Return all of the data that follows precisely, leaving every image out.

Data below:
+ + + + + + +
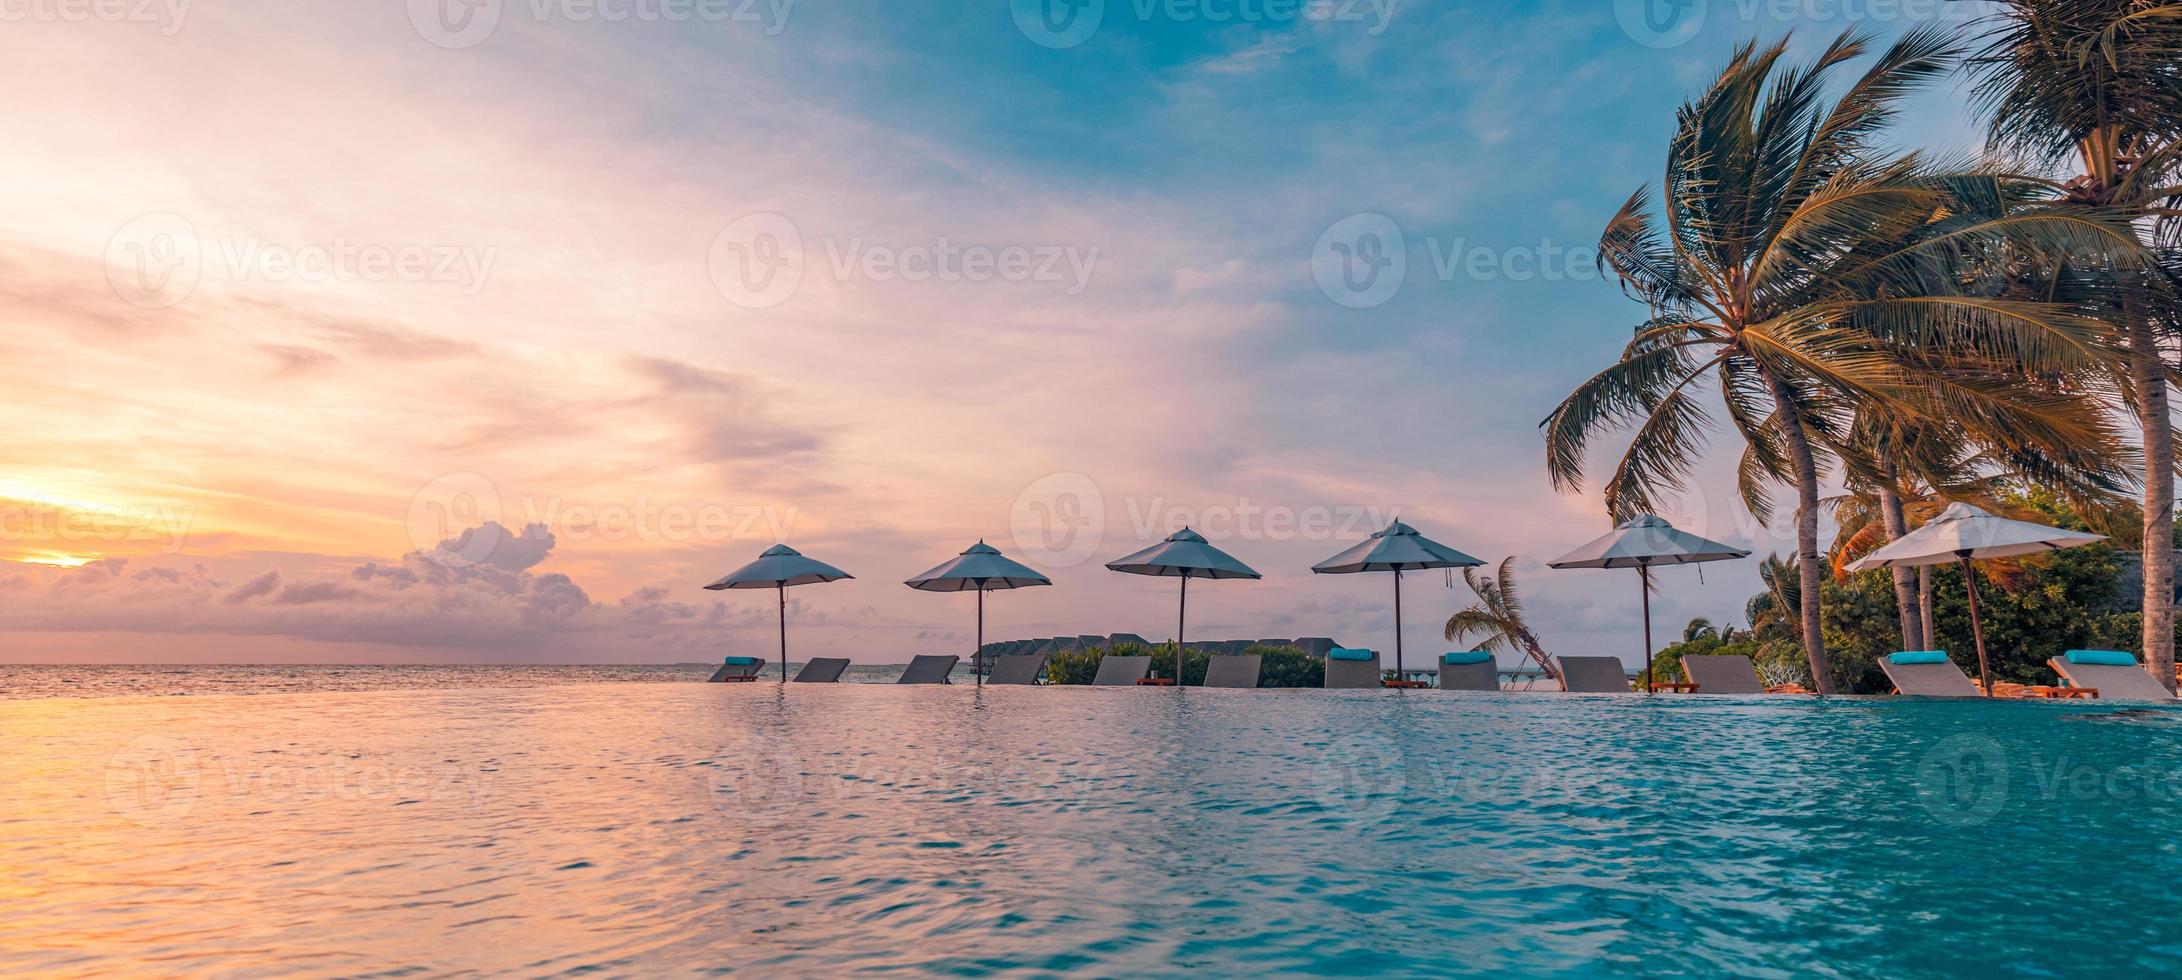 buitenshuis luxe zonsondergang over- oneindigheid zwembad zwemmen zomer aan het strand hotel toevlucht, tropisch landschap. mooi rustig strand vakantie vakantie achtergrond. verbazingwekkend eiland zonsondergang strand visie, palm bomen foto
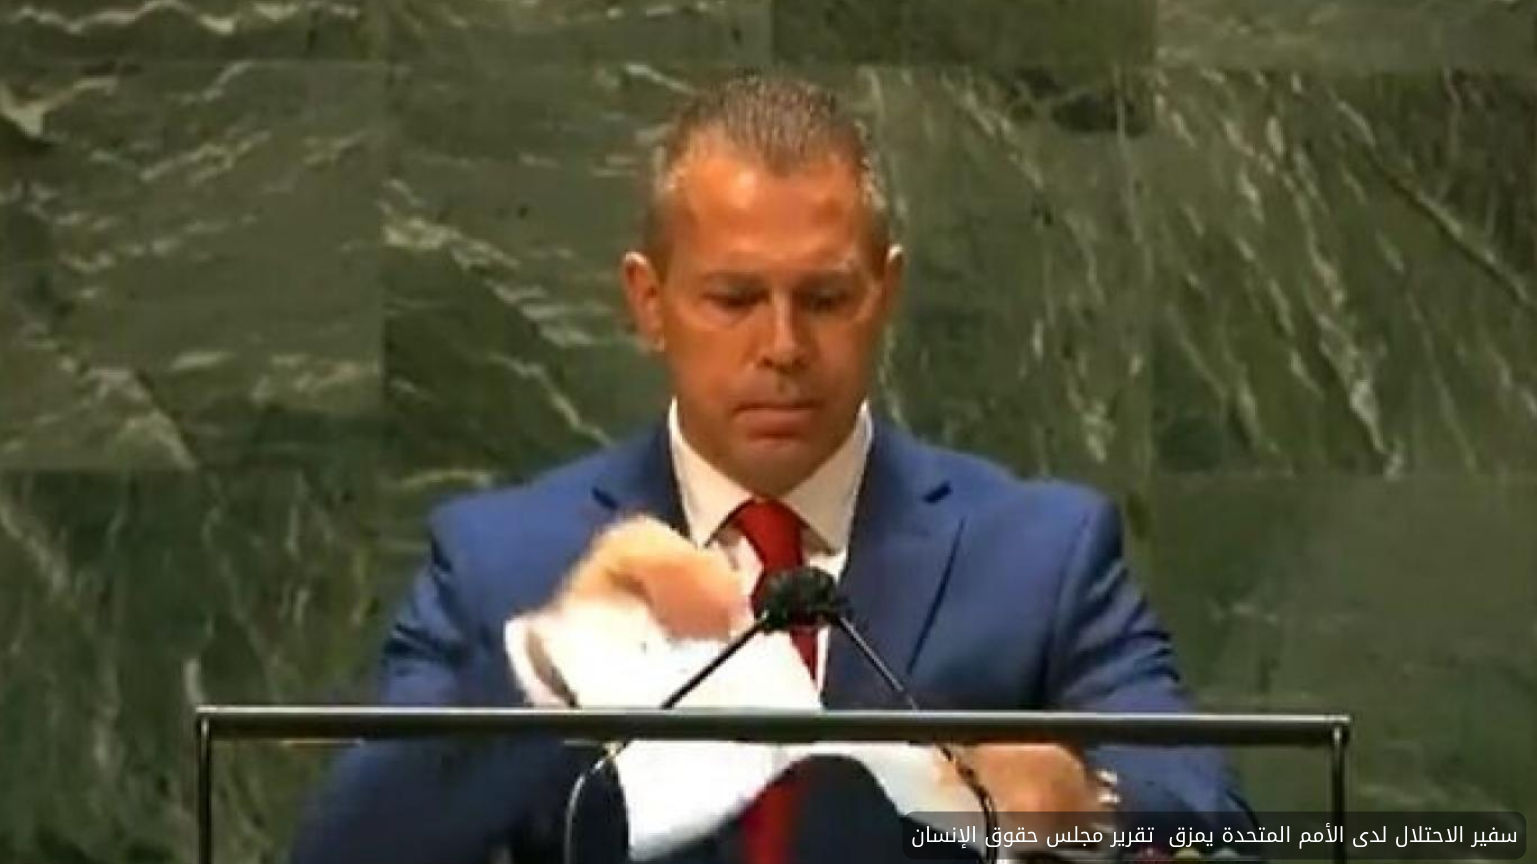 الأمين العام للأمم المتحدة: هجمات حماس لم تأت من فراغ.. والاحتلال يطالب بإقالته
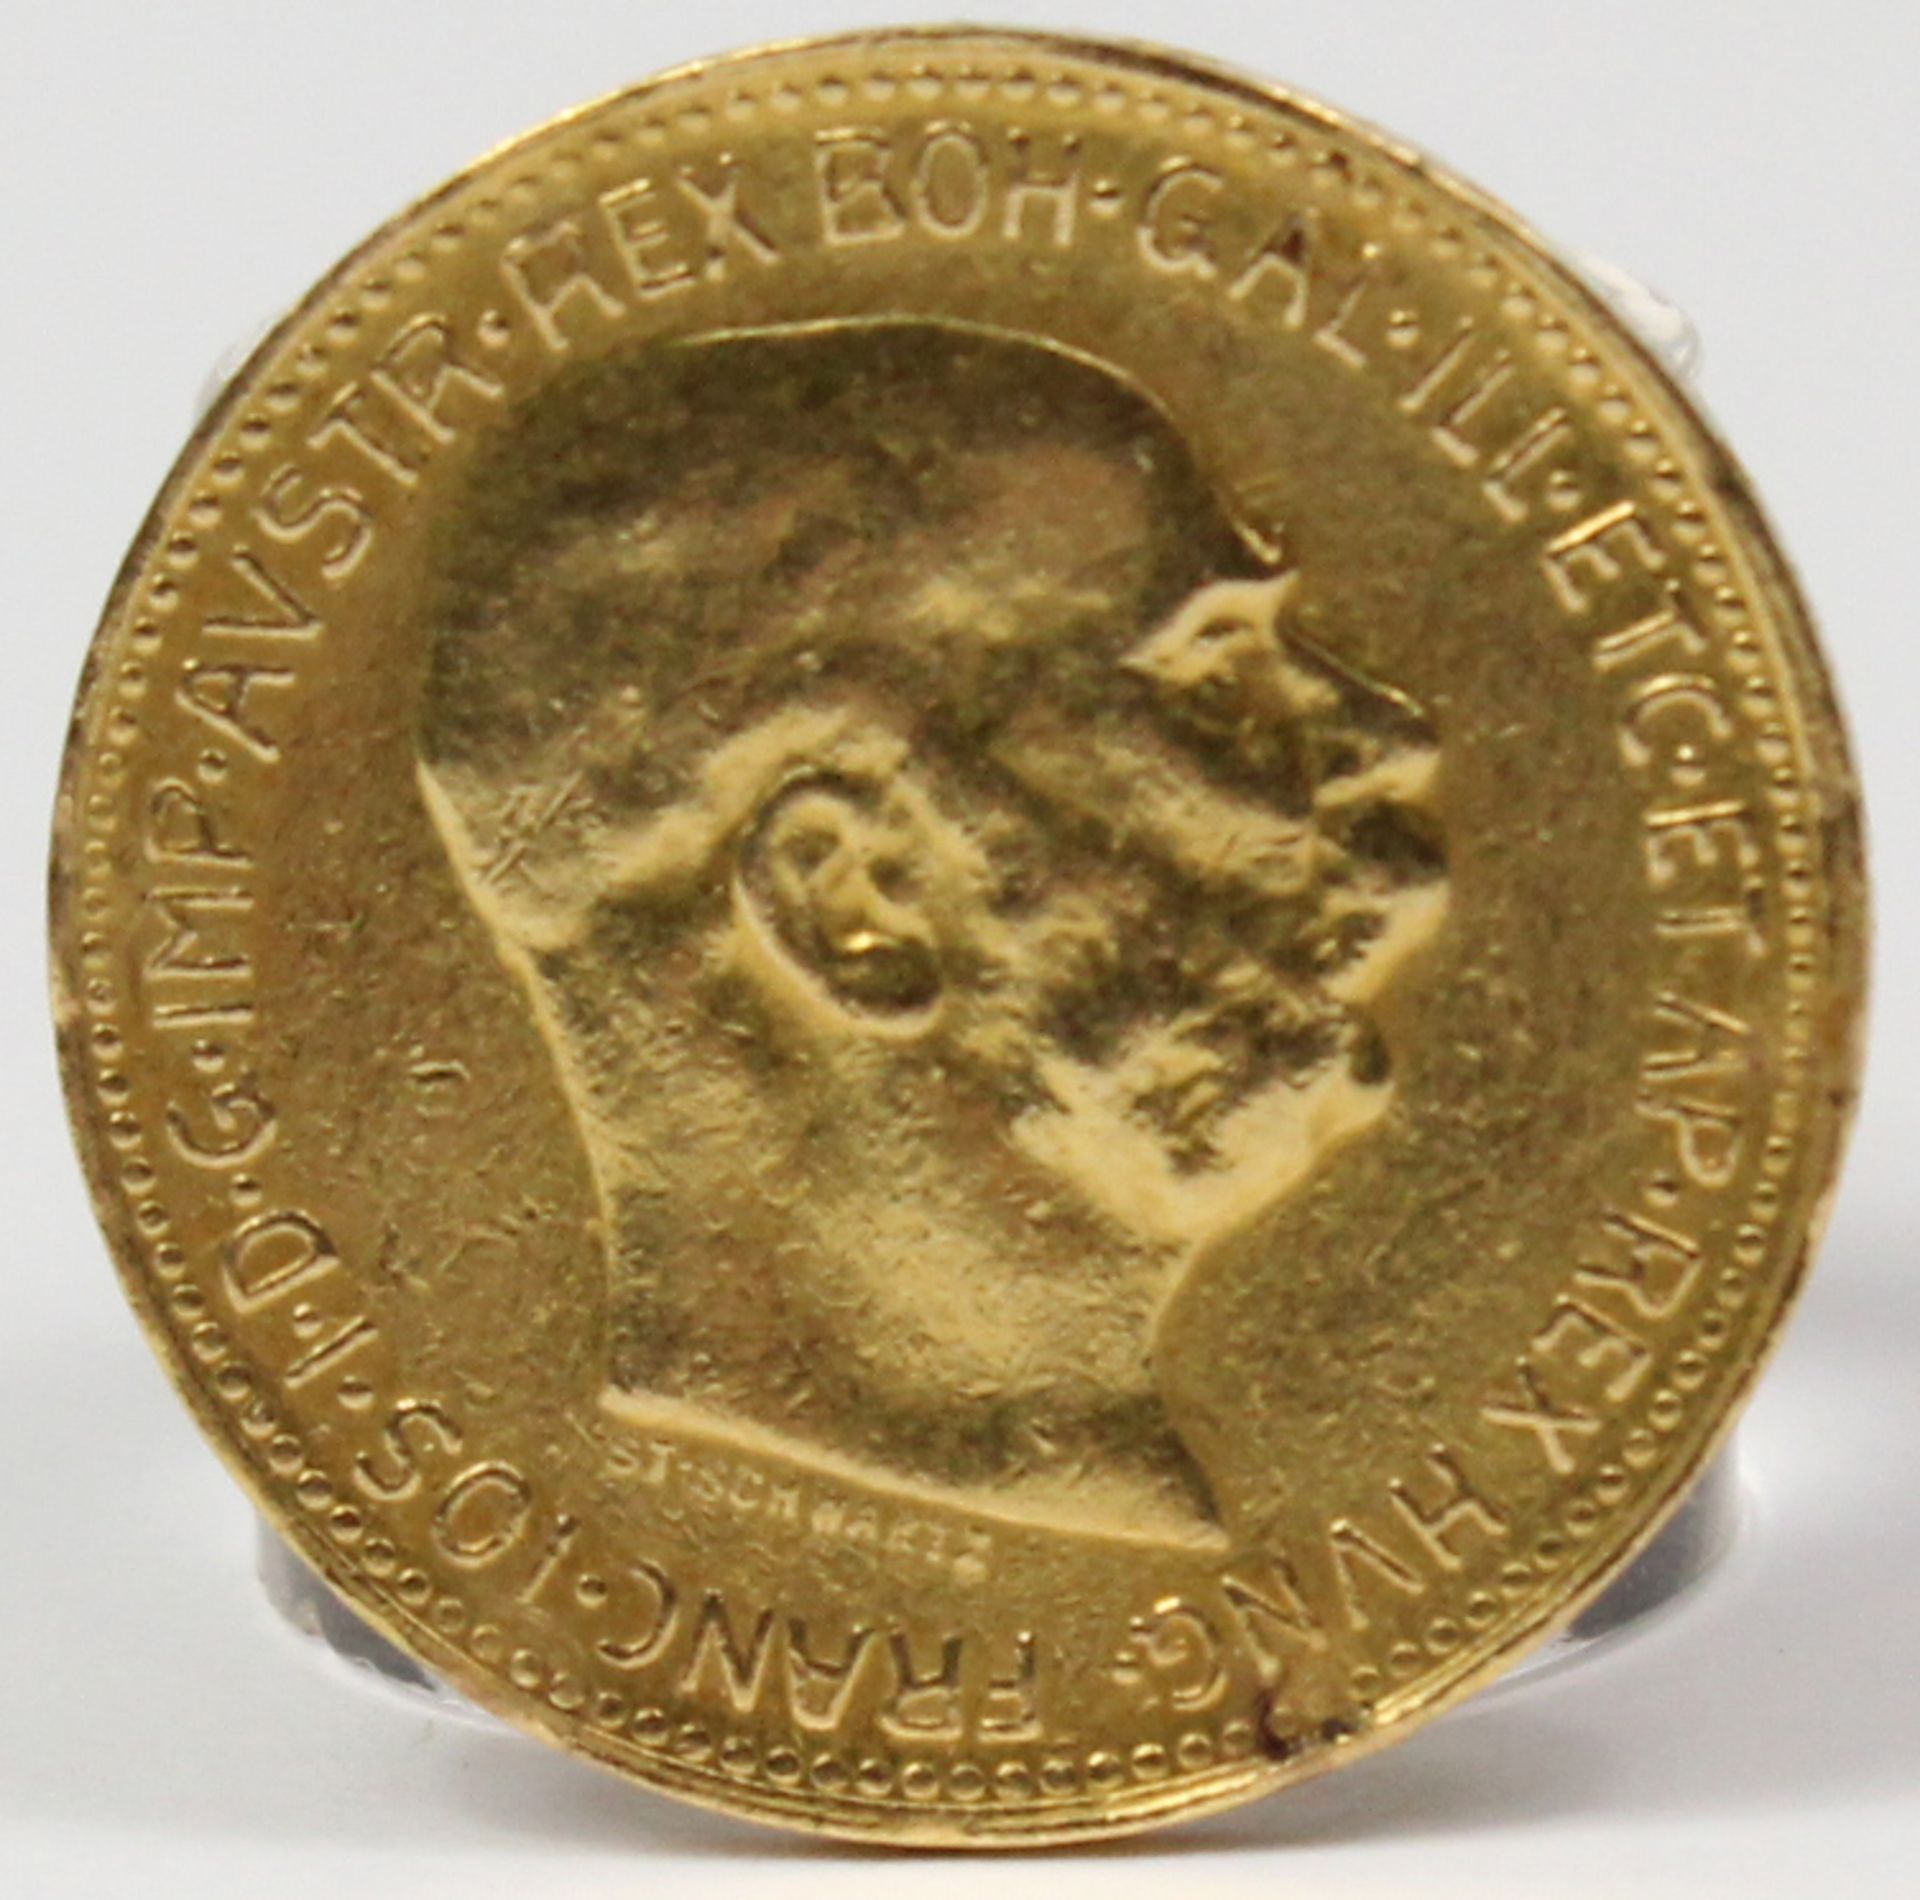 Goldmünze. 20 Kronen. Österreich. Kaiser Franz Joseph. 1915.
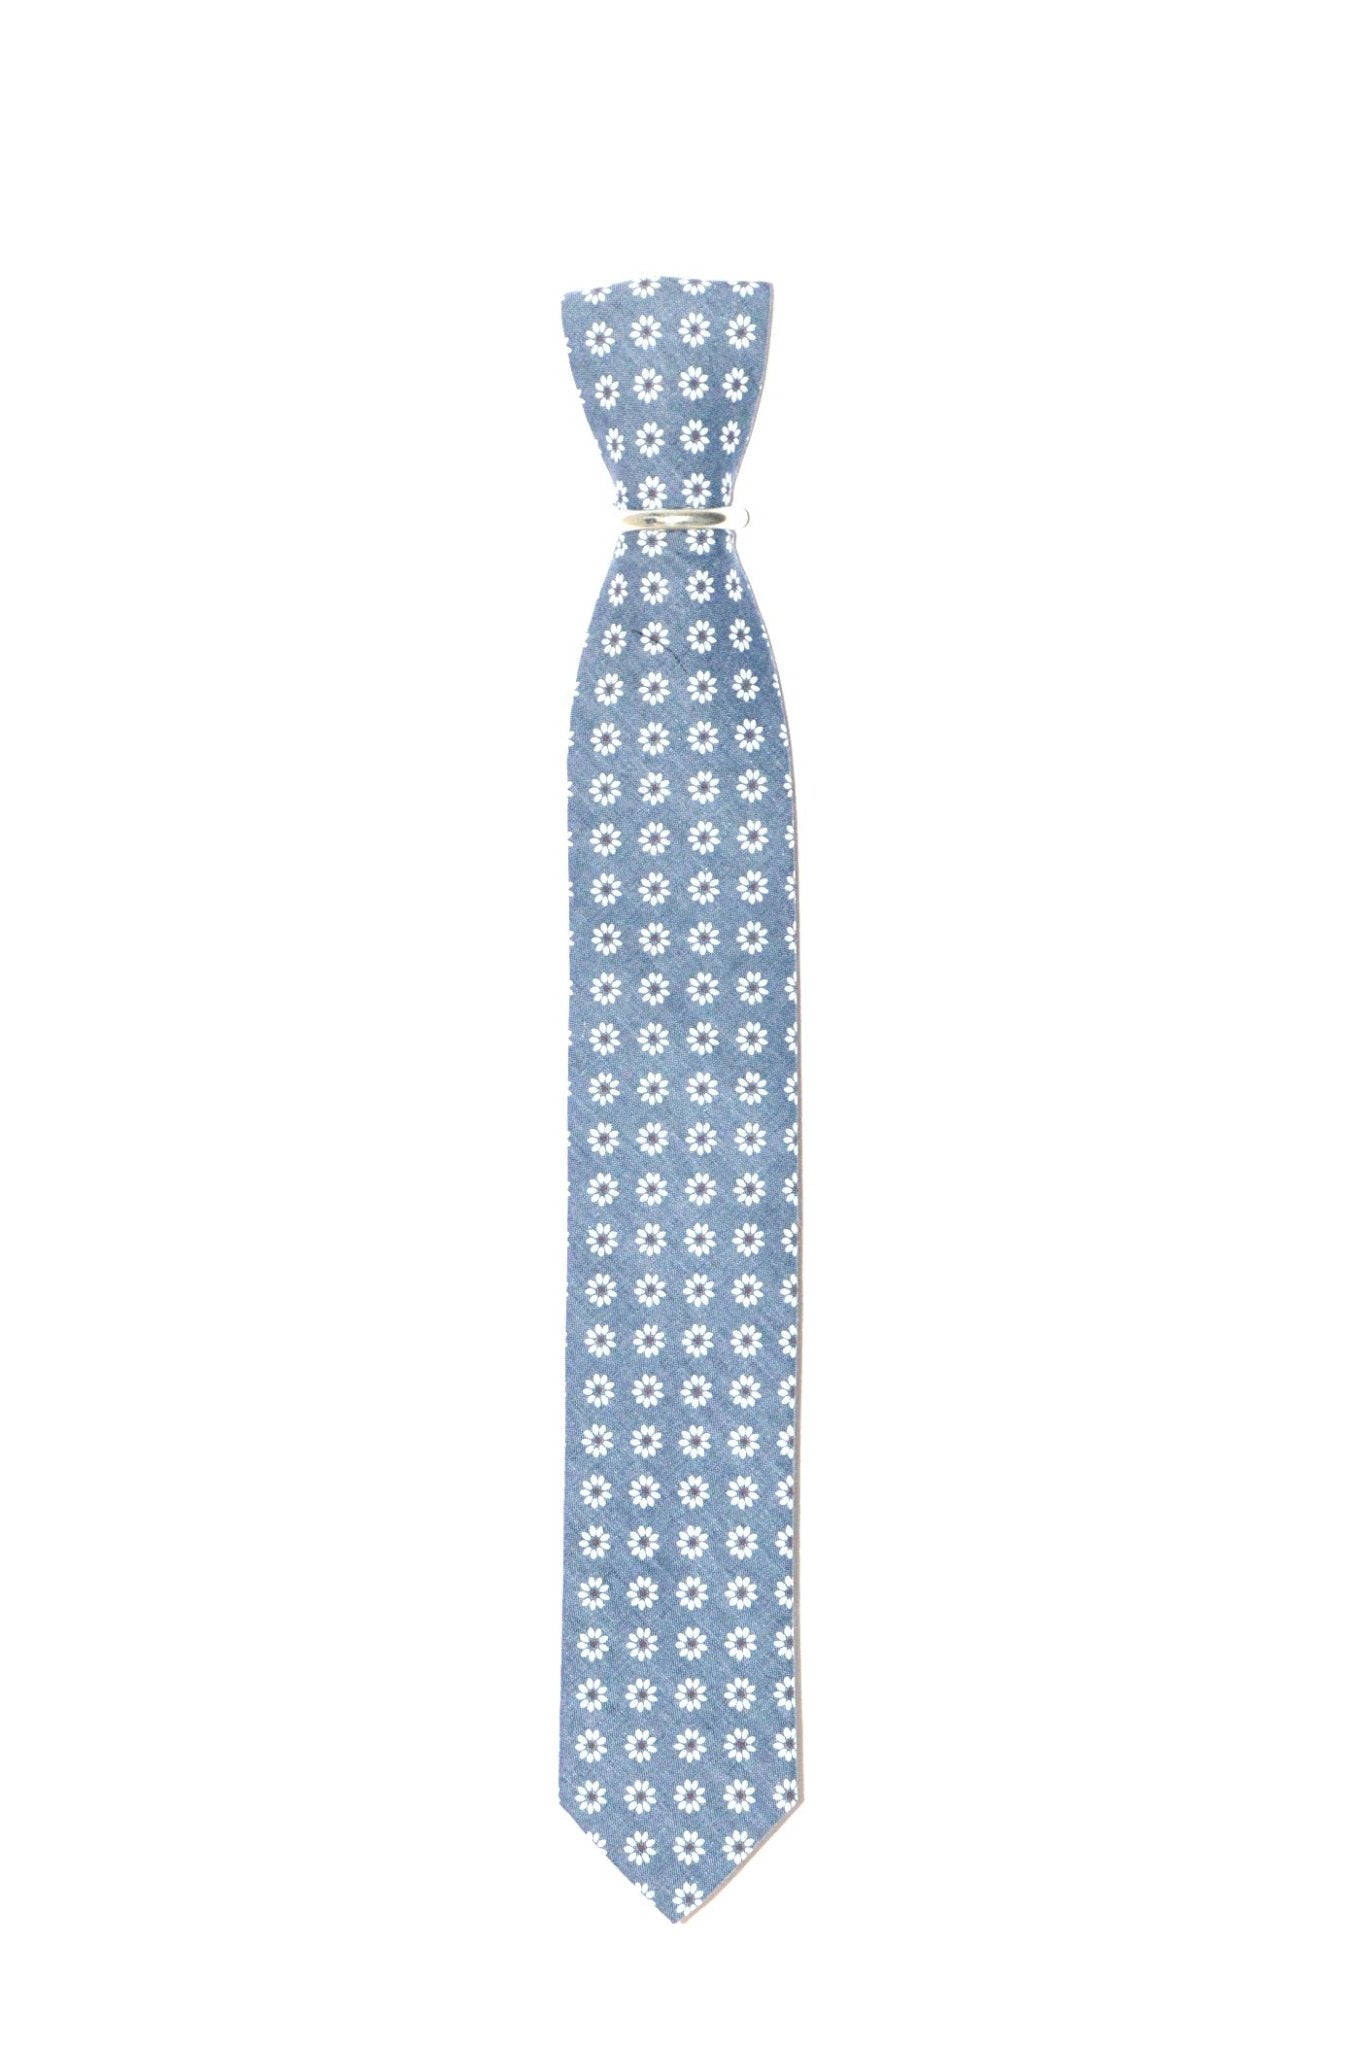 Schmale blaue Krawatte weißen Blumen - REAL GUYS
+ + + + + + +
Reply to the task:
 buitenshuis luxe zonsondergang over- oneindigheid zwembad zwemmen zomer aan het strand hotel toevlucht, tropisch landschap. mooi rustig strand vakantie vakantie achtergrond. verbazingwekkend eiland zonsondergang strand visie, palm bomen foto
 الأمين العام للأمم المتحدة: هجمات حماس لم تأت من فراغ.. والاحتلال يطالب بإقالته
 Goldmünze. 20 Kronen. Österreich. Kaiser Franz Joseph. 1915.
 Schmale blaue Krawatte weißen Blumen - REAL GUYS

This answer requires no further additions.